Project description:Somatic mutations of mitochondrial DNA (mtDNA) are common in many human cancers. We have described an oligonucleotide microarray ("MitoChip") for rapid sequencing of the entire mitochondrial genome (Zhou et al, J Mol Diagn 2006), facilitating the analysis of mtDNA mutations in preneoplastic lesions. We examined 14 precancerous lesions, including seven Barrett esophagus biopsies, with or without associated dysplasia; four colorectal adenomas; and three inflammatory colitis-associated dysplasia specimens.
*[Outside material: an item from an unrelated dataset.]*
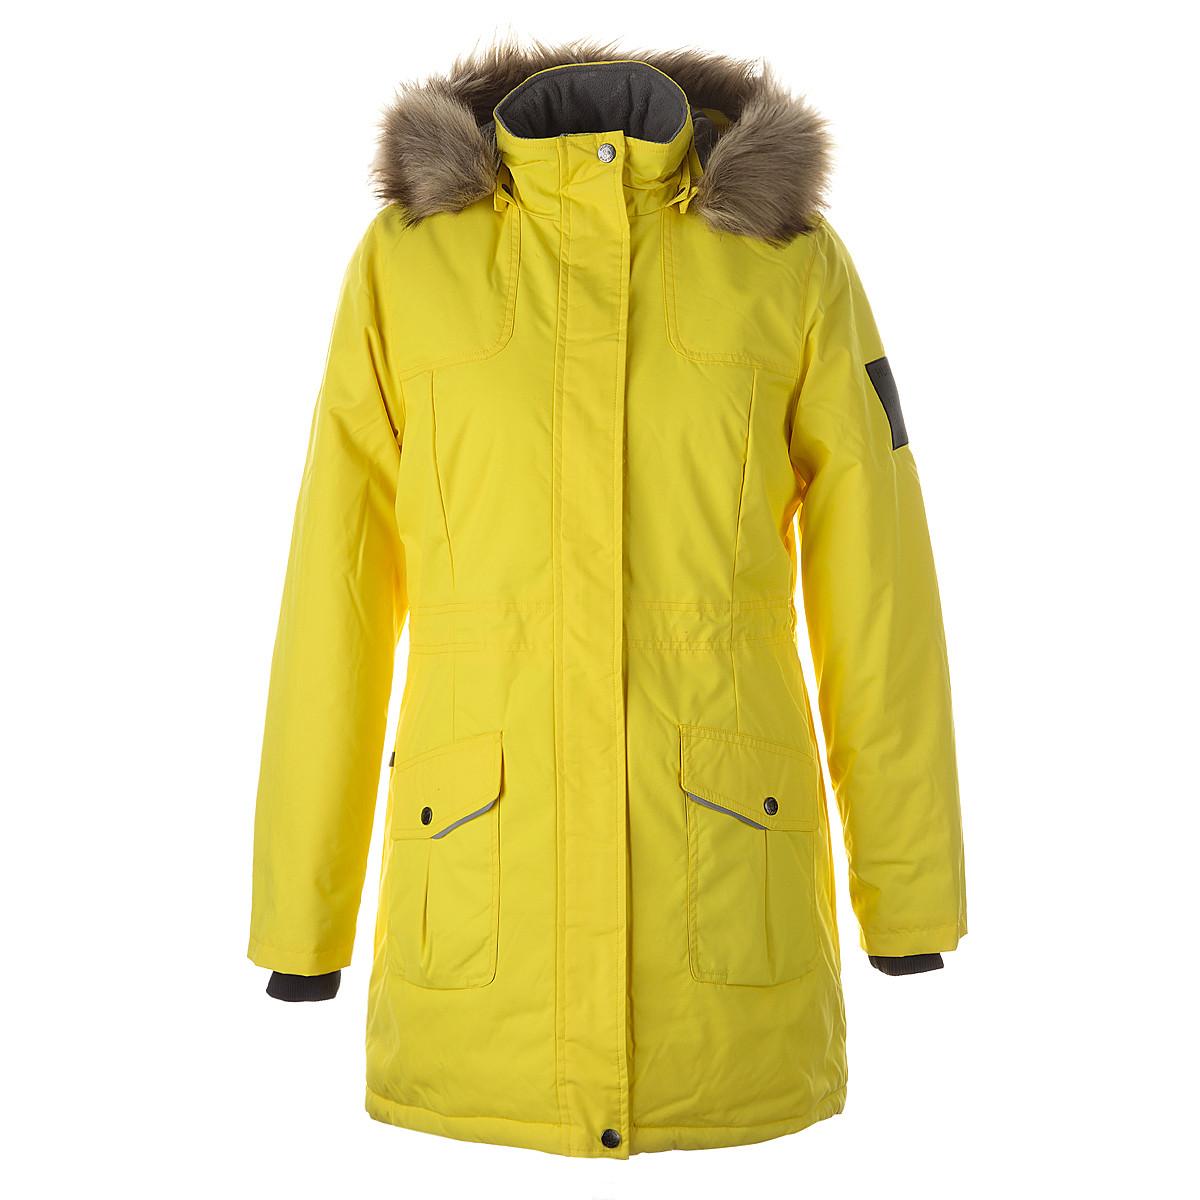 Пальто для женщин MONA 2, жёлтый XL

In all cases, matched normal tissues from the corresponding site were obtained as germline control. MitoChip analysis was performed on DNA obtained from cryostat-embedded specimens.A total of 513,639 bases of mtDNA were sequenced in the 14 samples, with 490,224 bases (95.4%) bases assigned by the automated genotyping software. All preneoplastic lesions examined demonstrated at least one somatic mtDNA sequence alteration. Of the 100 somatic mtDNA alterations observed in the 14 cases, 27 were non-synonymous coding region mutations (i.e., resulting in an amino acid change), 36 were synonymous, and 37 involved non-coding mtDNA. Overall, somatic alterations most commonly involved the COI, ND4 and ND5 genes. Notably, somatic mtDNA alterations were observed in preneoplastic lesions of the gastrointestinal tract even in the absence of histopathologic evidence of dysplasia, suggesting that the mitochondrial genome is susceptible at the earliest stages of multistep cancer progression.Our findings further substantiate the rationale for exploring the mitochondrial genome as a biomarker for the early diagnosis of cancer, and confirm the utility of a high-throughput array-based platform for this purpose from a clinical applicability standpoint.